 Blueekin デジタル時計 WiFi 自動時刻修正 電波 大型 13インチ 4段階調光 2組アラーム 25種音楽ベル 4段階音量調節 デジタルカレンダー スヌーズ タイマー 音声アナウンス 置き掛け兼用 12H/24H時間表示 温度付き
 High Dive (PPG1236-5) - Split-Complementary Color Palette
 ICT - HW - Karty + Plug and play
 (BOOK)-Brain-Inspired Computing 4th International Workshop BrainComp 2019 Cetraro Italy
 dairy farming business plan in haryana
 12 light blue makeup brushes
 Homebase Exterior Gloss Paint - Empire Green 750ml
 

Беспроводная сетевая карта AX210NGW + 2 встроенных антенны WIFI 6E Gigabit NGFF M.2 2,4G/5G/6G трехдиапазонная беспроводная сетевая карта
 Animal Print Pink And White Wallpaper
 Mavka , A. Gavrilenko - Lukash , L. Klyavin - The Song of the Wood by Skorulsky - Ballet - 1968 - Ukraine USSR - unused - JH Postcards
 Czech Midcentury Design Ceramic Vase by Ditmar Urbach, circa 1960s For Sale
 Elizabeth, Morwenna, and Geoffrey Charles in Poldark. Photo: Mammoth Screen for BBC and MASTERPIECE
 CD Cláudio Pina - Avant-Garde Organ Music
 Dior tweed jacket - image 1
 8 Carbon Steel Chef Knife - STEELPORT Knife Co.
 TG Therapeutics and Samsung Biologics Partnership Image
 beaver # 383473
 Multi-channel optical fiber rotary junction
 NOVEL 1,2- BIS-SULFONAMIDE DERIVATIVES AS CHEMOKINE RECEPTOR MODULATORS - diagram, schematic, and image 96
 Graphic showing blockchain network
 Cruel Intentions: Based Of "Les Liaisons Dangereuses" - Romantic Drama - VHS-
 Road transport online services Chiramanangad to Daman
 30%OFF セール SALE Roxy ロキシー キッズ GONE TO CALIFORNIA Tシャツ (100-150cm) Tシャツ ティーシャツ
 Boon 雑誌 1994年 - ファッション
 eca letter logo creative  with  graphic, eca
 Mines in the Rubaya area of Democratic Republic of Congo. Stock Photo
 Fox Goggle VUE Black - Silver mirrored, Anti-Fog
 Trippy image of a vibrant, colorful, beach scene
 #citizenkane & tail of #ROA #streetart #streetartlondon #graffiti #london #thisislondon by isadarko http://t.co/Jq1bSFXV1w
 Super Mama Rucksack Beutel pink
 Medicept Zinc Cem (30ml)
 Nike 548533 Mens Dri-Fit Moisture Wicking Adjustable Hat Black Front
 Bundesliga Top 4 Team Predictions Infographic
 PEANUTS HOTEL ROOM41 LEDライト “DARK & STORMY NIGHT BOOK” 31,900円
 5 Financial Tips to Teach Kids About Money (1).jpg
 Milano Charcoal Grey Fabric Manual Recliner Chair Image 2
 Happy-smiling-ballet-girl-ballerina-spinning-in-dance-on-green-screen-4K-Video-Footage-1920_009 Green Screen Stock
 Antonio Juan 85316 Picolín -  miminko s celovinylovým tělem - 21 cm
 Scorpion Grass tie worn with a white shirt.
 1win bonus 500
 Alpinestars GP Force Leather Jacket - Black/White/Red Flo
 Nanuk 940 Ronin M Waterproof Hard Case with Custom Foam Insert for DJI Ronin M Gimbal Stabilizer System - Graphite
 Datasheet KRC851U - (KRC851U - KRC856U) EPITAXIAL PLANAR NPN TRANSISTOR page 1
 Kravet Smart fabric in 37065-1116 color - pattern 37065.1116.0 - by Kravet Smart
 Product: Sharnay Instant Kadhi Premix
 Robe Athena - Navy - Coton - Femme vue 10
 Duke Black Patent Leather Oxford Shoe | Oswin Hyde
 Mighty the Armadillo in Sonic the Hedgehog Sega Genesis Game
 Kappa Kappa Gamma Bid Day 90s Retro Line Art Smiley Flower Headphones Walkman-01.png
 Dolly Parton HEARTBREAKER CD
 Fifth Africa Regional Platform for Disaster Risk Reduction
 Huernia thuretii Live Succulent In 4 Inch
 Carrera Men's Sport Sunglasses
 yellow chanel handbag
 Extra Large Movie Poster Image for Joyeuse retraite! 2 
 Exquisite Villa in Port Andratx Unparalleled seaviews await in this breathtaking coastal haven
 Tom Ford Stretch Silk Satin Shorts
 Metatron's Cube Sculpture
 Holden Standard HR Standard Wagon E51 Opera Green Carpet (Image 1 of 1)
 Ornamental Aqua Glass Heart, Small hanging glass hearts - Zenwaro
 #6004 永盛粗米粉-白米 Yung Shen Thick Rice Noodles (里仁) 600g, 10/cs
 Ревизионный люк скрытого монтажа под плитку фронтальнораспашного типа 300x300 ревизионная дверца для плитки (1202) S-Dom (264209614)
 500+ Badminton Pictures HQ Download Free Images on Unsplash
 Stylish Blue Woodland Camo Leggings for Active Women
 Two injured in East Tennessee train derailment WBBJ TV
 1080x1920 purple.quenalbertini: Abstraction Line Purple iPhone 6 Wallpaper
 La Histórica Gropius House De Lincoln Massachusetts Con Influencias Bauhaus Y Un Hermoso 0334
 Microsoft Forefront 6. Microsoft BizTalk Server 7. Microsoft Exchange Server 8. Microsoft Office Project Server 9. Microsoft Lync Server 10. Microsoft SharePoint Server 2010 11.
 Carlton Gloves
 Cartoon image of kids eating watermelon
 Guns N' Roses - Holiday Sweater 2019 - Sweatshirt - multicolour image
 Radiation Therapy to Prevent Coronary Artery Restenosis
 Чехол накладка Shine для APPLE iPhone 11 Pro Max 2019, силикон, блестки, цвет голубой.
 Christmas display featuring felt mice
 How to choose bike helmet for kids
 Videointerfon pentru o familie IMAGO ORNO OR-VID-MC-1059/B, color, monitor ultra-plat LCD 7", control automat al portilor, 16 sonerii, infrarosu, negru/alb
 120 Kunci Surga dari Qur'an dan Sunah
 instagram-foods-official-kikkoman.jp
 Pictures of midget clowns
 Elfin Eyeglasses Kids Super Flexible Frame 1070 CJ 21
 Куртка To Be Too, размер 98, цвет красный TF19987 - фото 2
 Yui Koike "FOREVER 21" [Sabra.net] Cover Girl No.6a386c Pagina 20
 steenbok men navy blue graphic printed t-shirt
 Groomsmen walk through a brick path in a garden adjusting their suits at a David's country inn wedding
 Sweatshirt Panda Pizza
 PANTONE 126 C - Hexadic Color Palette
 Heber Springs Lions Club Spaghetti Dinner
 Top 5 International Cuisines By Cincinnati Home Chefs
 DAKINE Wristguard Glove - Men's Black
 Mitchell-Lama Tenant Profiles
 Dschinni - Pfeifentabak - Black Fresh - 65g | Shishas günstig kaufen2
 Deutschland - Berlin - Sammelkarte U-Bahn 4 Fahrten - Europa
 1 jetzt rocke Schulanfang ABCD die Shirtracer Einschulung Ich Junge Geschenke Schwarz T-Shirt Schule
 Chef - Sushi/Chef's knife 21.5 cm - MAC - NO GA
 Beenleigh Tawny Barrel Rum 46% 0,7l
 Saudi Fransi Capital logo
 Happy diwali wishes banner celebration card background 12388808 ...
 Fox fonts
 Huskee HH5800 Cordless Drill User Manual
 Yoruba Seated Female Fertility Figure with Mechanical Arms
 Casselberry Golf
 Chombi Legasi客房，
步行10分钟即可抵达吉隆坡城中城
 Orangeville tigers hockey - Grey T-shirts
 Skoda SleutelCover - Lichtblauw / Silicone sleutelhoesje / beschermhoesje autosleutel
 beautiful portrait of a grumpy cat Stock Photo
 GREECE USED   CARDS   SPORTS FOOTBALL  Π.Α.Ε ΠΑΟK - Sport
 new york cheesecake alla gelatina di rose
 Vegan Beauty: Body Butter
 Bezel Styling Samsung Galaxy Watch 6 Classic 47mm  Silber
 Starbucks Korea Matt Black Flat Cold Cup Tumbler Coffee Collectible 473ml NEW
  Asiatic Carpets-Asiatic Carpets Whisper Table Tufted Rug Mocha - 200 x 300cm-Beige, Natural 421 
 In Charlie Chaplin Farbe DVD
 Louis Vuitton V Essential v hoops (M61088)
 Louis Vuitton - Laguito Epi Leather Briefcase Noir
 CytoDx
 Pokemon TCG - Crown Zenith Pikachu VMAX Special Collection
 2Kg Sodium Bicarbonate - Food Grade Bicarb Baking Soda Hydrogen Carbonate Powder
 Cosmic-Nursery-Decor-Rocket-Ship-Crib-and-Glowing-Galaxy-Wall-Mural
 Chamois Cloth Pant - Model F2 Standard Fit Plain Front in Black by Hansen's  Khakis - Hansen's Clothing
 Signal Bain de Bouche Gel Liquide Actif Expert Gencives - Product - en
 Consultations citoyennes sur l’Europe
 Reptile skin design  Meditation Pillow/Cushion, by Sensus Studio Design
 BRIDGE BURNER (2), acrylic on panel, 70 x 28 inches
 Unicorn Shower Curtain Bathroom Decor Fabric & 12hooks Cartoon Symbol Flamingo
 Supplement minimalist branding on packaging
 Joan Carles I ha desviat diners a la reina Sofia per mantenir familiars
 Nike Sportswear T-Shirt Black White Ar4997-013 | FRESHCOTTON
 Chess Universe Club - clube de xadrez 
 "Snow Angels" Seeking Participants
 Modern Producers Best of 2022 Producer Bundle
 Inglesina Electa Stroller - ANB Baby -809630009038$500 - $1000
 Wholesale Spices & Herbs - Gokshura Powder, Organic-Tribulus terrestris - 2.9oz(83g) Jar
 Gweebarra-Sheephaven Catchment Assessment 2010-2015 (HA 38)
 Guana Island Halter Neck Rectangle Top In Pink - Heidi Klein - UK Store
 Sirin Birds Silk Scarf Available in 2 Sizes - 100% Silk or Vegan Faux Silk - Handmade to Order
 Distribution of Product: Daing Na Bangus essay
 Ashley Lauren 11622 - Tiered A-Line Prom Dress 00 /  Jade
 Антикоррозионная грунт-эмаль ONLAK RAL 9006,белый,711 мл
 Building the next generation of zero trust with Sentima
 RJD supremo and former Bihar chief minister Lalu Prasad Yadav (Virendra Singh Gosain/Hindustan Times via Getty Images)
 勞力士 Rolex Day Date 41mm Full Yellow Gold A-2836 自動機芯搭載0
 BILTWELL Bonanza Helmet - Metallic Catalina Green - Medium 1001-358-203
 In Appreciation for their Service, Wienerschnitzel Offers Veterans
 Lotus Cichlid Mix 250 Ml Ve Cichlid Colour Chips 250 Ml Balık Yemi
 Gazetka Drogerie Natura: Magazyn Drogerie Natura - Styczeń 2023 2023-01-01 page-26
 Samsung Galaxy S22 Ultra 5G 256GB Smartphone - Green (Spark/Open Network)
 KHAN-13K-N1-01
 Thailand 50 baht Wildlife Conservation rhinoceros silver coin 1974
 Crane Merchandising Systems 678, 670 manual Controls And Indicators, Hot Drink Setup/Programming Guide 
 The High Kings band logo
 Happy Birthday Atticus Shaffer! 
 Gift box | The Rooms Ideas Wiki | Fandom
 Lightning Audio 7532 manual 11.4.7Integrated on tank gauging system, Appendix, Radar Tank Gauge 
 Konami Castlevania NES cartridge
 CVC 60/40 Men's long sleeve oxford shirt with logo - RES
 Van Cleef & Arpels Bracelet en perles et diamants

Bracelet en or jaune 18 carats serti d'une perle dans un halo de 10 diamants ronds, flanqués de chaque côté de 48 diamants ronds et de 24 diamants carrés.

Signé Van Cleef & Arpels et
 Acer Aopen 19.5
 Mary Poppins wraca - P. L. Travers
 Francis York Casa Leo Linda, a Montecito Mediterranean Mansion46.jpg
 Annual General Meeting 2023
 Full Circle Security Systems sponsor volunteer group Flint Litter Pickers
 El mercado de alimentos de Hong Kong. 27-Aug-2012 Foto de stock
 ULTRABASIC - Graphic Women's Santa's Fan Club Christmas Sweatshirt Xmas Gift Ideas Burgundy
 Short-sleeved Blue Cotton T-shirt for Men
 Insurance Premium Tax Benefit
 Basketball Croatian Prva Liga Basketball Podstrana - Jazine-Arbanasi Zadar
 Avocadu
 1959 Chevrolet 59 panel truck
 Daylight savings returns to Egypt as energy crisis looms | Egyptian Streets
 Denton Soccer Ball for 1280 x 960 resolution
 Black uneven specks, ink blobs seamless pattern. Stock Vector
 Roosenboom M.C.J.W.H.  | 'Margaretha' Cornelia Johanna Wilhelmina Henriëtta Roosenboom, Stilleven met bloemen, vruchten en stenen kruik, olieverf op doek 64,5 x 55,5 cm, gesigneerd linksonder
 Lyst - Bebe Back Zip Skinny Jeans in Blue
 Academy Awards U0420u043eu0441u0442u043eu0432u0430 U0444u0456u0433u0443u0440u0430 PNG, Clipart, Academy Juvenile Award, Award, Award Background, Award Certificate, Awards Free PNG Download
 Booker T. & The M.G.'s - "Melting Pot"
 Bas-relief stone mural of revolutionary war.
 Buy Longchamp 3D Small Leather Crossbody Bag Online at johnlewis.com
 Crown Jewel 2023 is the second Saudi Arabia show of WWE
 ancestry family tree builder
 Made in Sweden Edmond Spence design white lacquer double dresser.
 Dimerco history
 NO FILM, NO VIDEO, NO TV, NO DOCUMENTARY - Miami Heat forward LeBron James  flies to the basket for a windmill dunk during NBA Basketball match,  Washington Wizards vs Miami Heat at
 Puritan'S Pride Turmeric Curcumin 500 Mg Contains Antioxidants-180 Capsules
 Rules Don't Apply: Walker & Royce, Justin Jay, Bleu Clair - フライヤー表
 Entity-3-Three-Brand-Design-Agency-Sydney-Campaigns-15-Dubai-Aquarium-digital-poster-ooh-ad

YOUR GOAL: Look above for the line with "Daylight savings returns" and the line with "Black uneven specks, ink", and reproduce exactly those two lines plus every line between, nothing more.

THE COMPLETED TASK:
 Daylight savings returns to Egypt as energy crisis looms | Egyptian Streets
 Denton Soccer Ball for 1280 x 960 resolution
 Black uneven specks, ink blobs seamless pattern. Stock Vector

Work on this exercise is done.